Look to the Past with Gratitude

In our prayer life, the virtue of gratitude is a sign of spiritual maturity. Petition is also important, as it is very childlike.  It is not as if we stop “asking” and relying upon our loving Heavenly Father for all things. However, just as a young child is taught to ask (petition) for things, so too is the child taught to say thank you.  As time moves on and the child matures, no longer does he or she need to be reminded, but “thank you” becomes a natural response.  So too must those called to the Consecrated Life.  Our “thank you” must be incorporated, not only during the special year, but also throughout one’s own life. So too must all Catholics, when thinking of the great benefits received from others living their vocations. Note the benefits received from two very important communities in the Diocese of Gallup: the Franciscans and the Sisters of the Blessed Sacrament.

The founders of these communities, St. Francis and St. Katharine Drexel, each came from wealthy families, but both in their own way were detached from earthly treasures. Saint Francis declared, in the memorable scene in the center of Assisi, “I have called you my father on earth; from this point on I desire to say only ‘Our Father who art in Heaven’.” Saint Katharine Drexel used her inheritance to build and fund schools that ministered to those on the margins of society: African Americans and Native Americans.

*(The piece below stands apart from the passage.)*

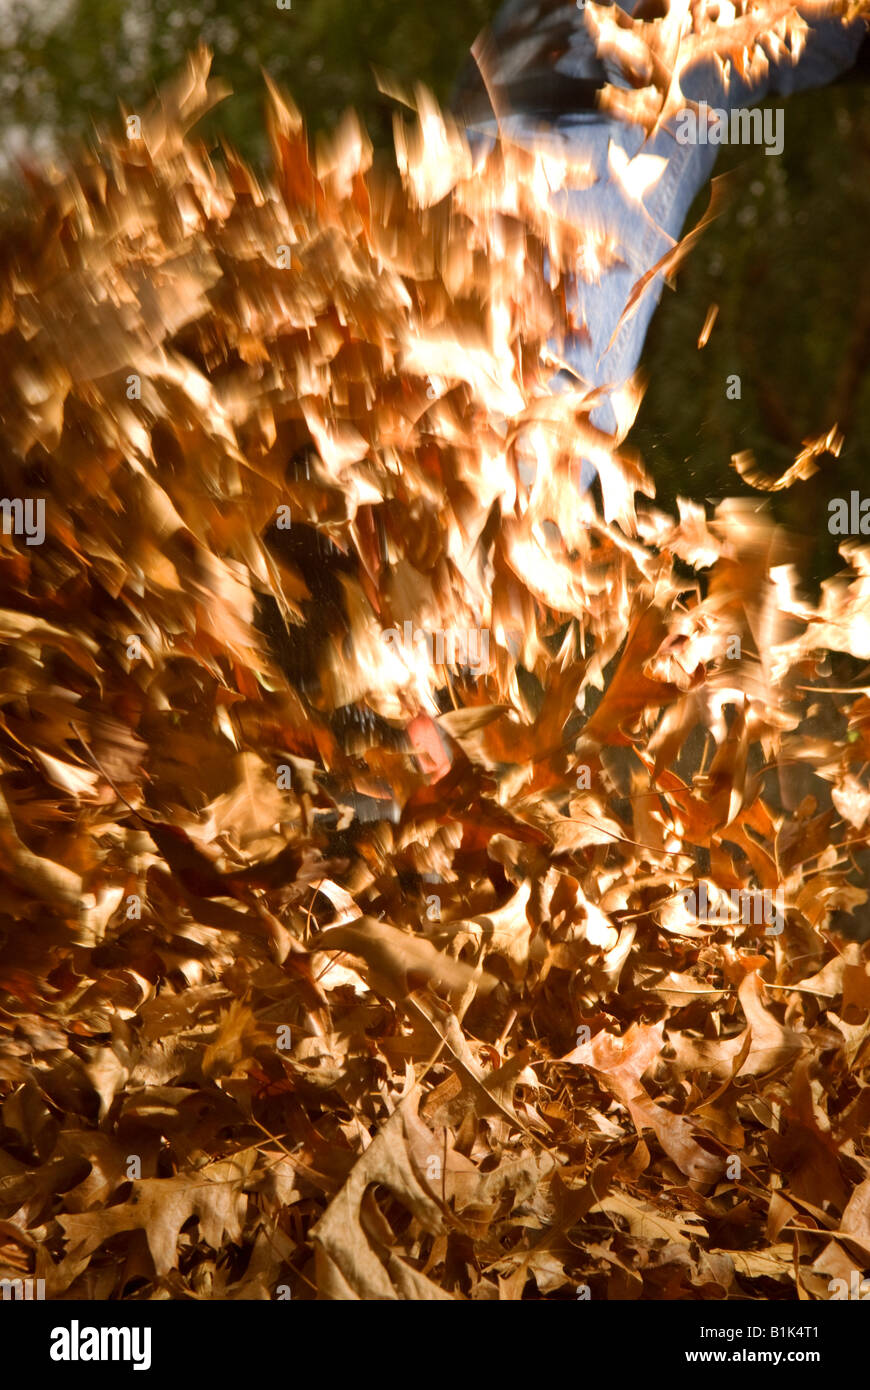 Kicking autumn leaves Stock Photo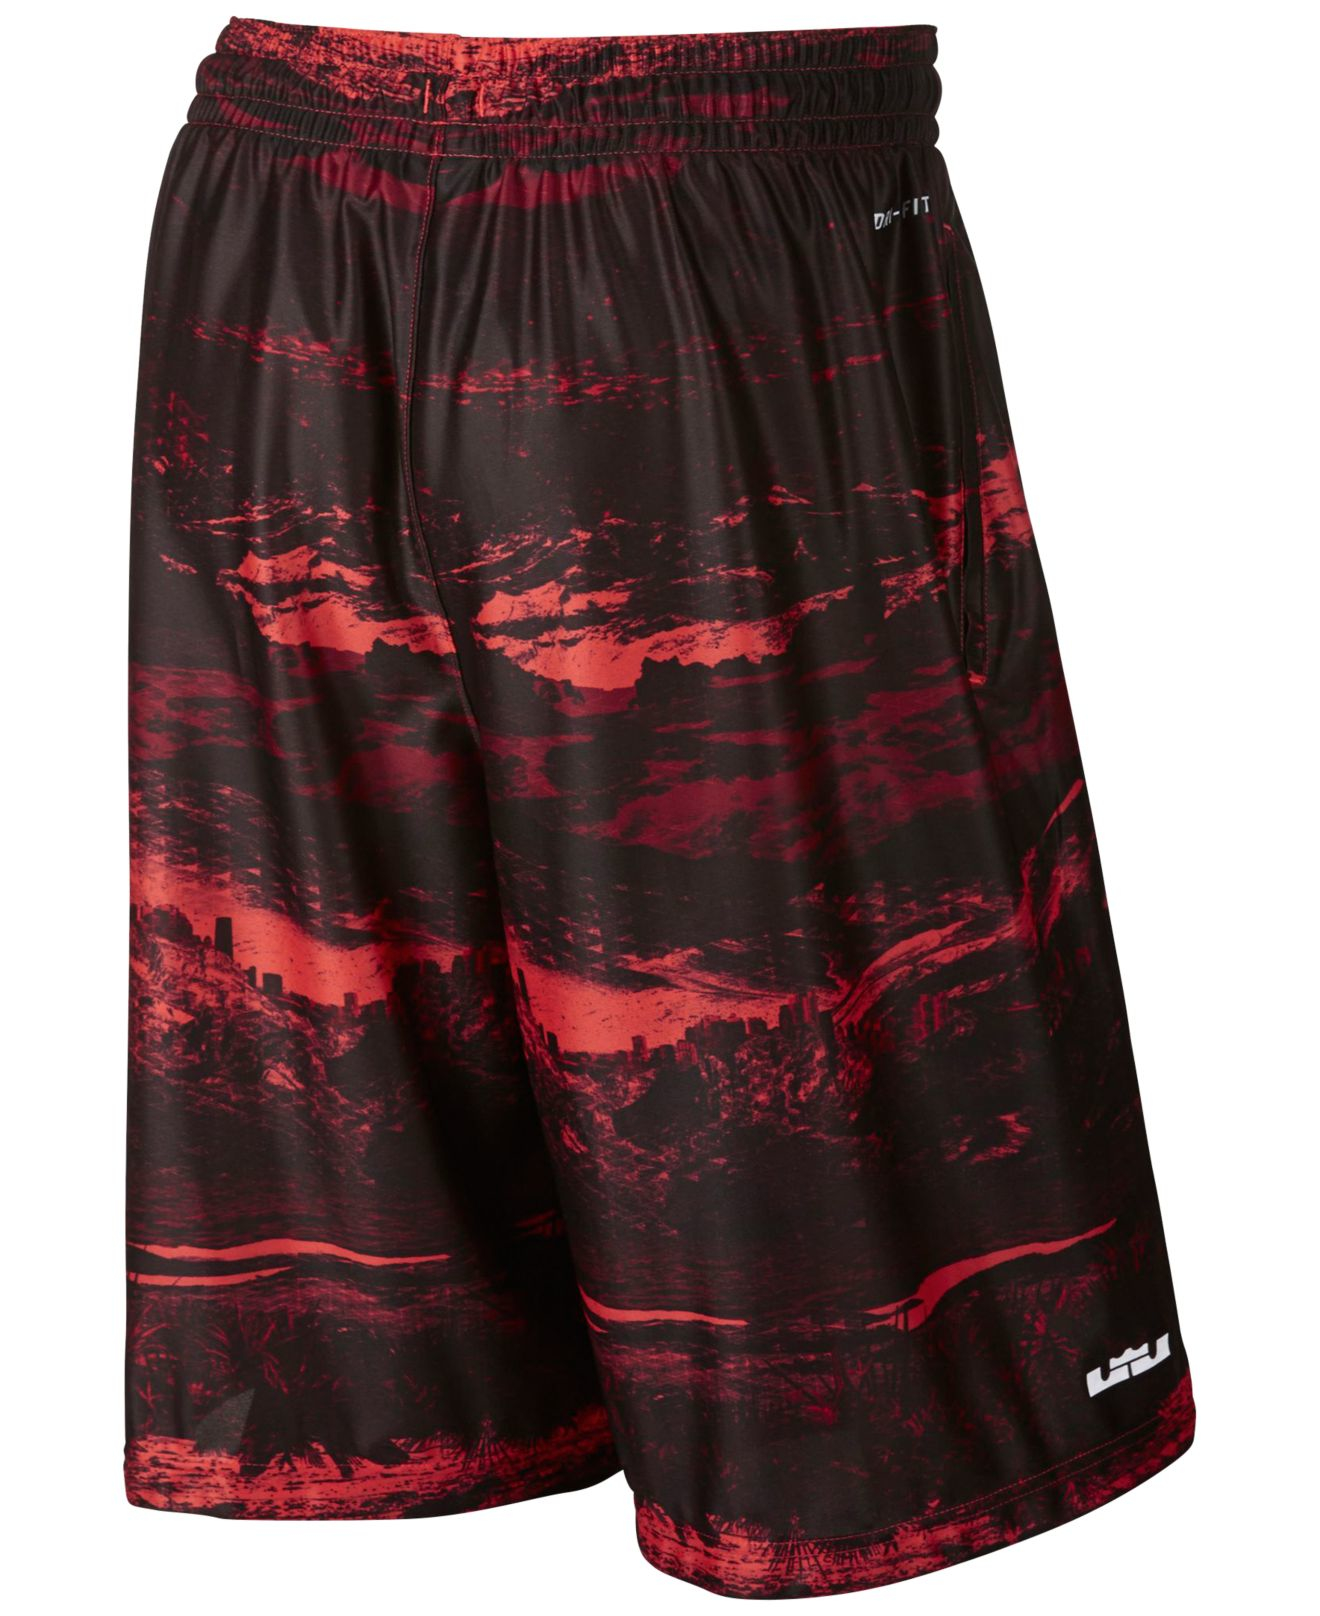 New Nike Dri-FIT Elite Basketball Shorts Mens Sizes + Colors KOBE Lebron KD

Unlike the wealthy young man who was “owned” by his many possessions, these heroes of our faith were able to detach themselves of earthly treasures, in order that they might serve Christ, who is especially present in the poor.

Live the present with passion

Whether we are consecrated religious or not, we must ask ourselves often: “Am I open to being challenged by the Gospel?” For those who are members of religious orders, note what Pope Francis asks in his letter: “Are our ministries, our works and our presence consonant with what the Spirit asked of our founders and foundresses? Are they suitable for carrying out today, in society and the Church, those same ministries and works? Do we have the same passion for our people, are we close to them to the point of sharing in their joys and sorrows, thus truly understanding their needs and helping to respond to them?”

For all Catholics, these words ring true as well. We must ask ourselves everyday: “Is Jesus really our first and only love?” By putting Christ first, only then can we truly live our lives with passion, no matter the vocation.

Embrace the future with hope

Pope Francis says in his letter: “We all know the difficulties which the various forms of consecrated life are currently experiencing: decreasing vocations and aging members, particularly in the Western world; economic problems stemming from the global financial crisis; issues of internationalization and globalization; the threats posed by relativism and a sense of isolation and social irrelevance…” This can be felt by all Catholics. The idea that one’s faith or way of life is being challenged or becoming irrelevant is not solely felt by members of religious orders.

But remember, first and foremost, we are a people of hope, and our hope is in the Lord who made Heaven and Earth. The virtue of hope allows us to look to the future with great confidence.  Confident that just as the Lord called men and women to leave all behind and follow him in a particular way of life, he will continue to inspire the future generation of the Church to do the same.  To be men and women of great faith and hope, inspired by the Holy Spirit to do beautiful things all for Jesus Christ. It is a call to generosity, to give of one’s own life, and to prefer nothing about the love of Christ.

Finally, as Pope Francis has entrusted the Year of Consecrated Life to the Blessed Virgin Mary, “the Virgin of listening and contemplation, the first disciple of her beloved Son”, so too entrust your life to her (after the pattern of the beloved Pope John Paul II), who will lead you into a deeper and more intimate relationship with her Son.